Warga Way Kanan Minta Provinsi Perbaiki Jalan

Bagikan
  • 4
  •  
  •  
  •  
  •  

Way Kanan (HS) – Masyarakat di Kabupaten Way Kanan sangat mengharapkan Pemerintah Provinsi Lampung sesegera mungkin melakukan perbaikan terhadap semua jalan provinsi yang ada di daerah yang berjuluk Bumi Ramik Ragom Way Kanan tersebut, karena kondisinya sudah benar-benar sangat memperihatinkan dan hampir tidak dapat lagi dilalui.

Bahkan ruas jalan milik Propinsi Lampung untuk yang di Kecamatan Negara  Batin benar benar sudah tidak dapat dilalui kendaraan, sehingga para pengguan jalan terpaksa masuk dan merusak kebun karet masyarakat guna menghindari dalamnya kubangan-kubungan yang ada di jalan provinsi tersebut.

“Kalau ditempat saya, disaat hujan turun maka warga akan beramai ramai menurunkan perahu untuk bermain perahu-perahuan di jalan-jalan provinsi itu, karena sudah tidak ada bedanya dengan anak sungai baru. dengan demikian sudah pasti tidak akan dapat dilalui oleh kendaraan,” ujar Hi. Romli dari Kecamatan Gunung Labuhan.
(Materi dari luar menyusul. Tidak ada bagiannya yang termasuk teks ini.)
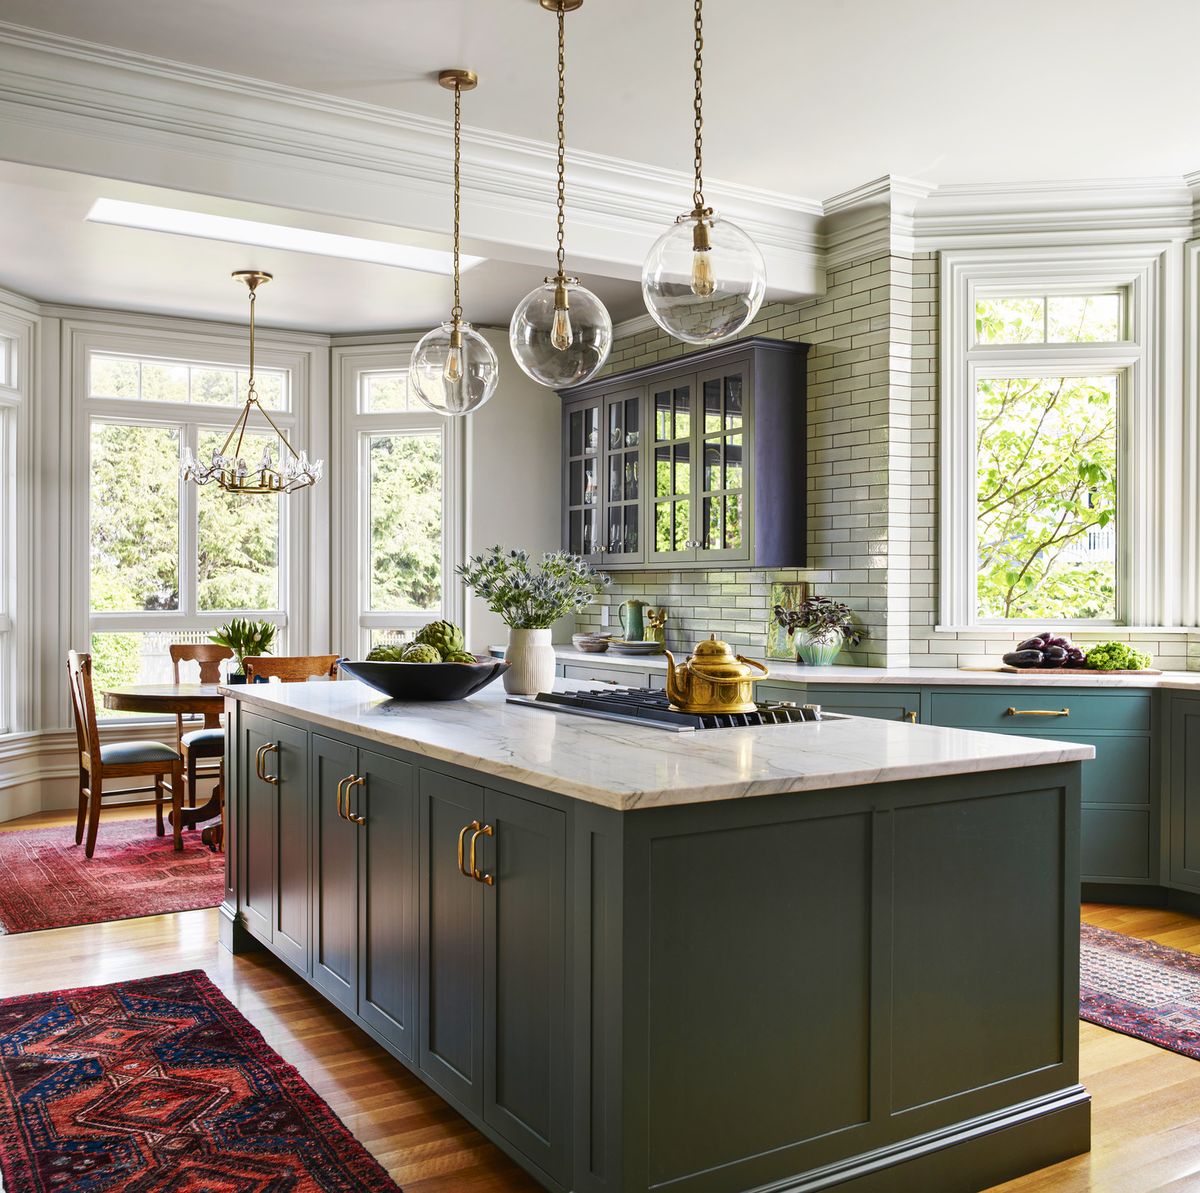 Entre estos muebles altos de cocina… ¿cuál va más con tu estilo?

Senada dengan Romli, Syahrizal Effendi, tokoh Pemuda Gistang Blambangan Umpu menambahkan, bahwa sejak awal tahun 2017 lalu, efek dari rusak parahnya jalan propinsi di ruas Simpang IV-Kasui, dirinya dan seluruh masyarakat di Kecamatan Kasui serta Rebang Tangkas, yang akan menuju Ibukota Way Kanan harus bersabar hingga berjam jam. Padahal dalam kondisi normal (jalan bagus .red) dari Kampung Gistang menuju Blambangan Umpu hanya dibutuhkan waktu tidak lebih dari 15- 20 menit saja.
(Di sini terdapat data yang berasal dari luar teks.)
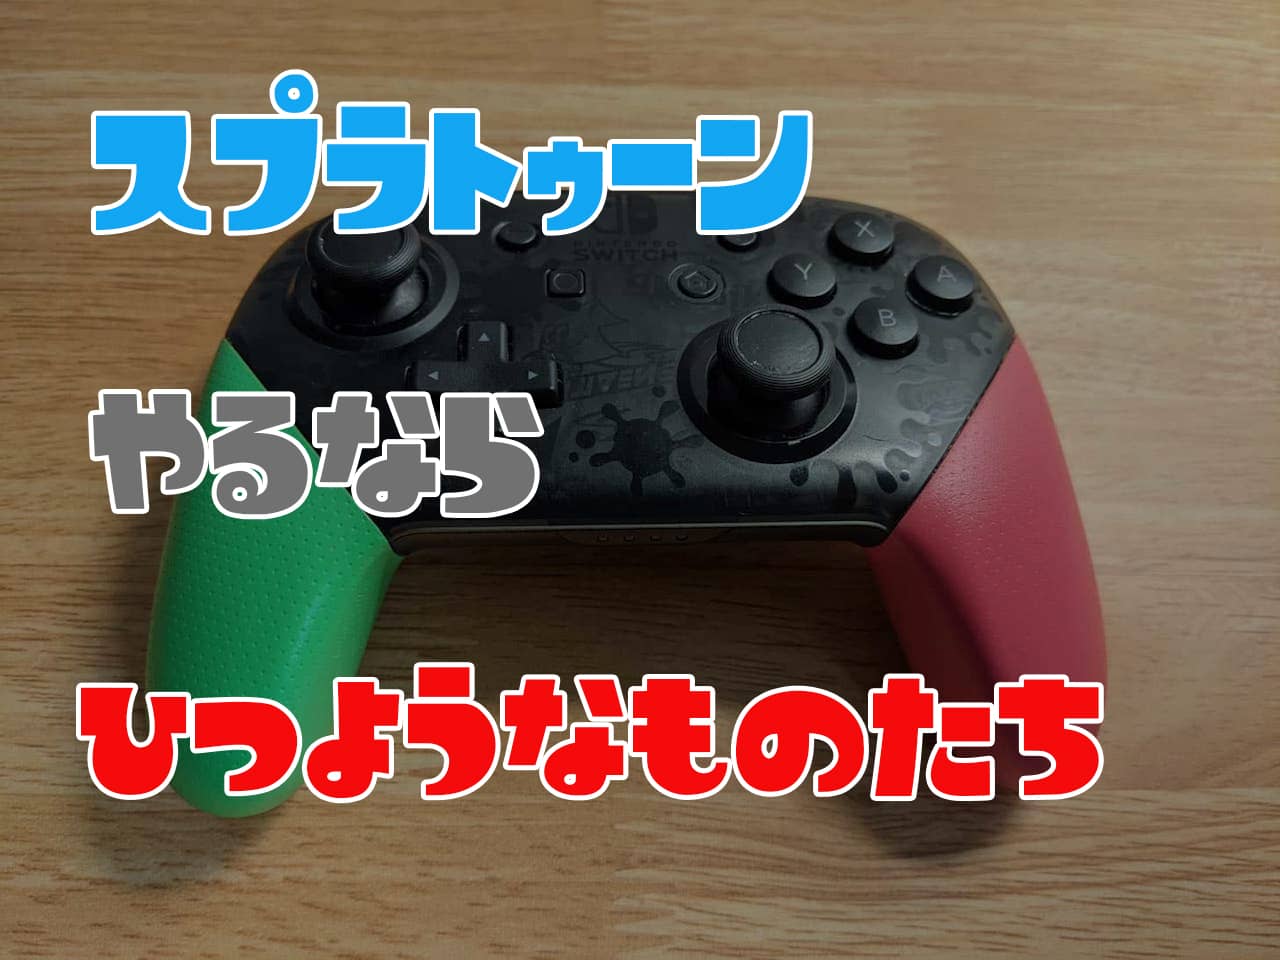 任天堂純正品】Pro コントローラー Nintendo Switch スプラトゥーン3

“Jalan ini sudah berkali kali kami protes, bahkan sejak dikerjakan persiapannya tahun lalu. Akan tetapi pihak rekanan dan Pemprov Lampung seakan tidak peduli, karena pekerjaan mereka yang kami protes tetap tidak diperbaiki, sehingga akhirnya demikain. Saat ini dari Gistang ke Blambangan Umpu bisa memakan waktu hingga 2 jam. Apalagi yang dari Kasui, karena semua ruas jalan Proviunsi dari Simpang IV Kampung Negeri Baru menuju Kasui dan Rebang Tangkas ini sudah rusak parah, dan entah kapan mau diperbaikinya,” keluh Syahrizal.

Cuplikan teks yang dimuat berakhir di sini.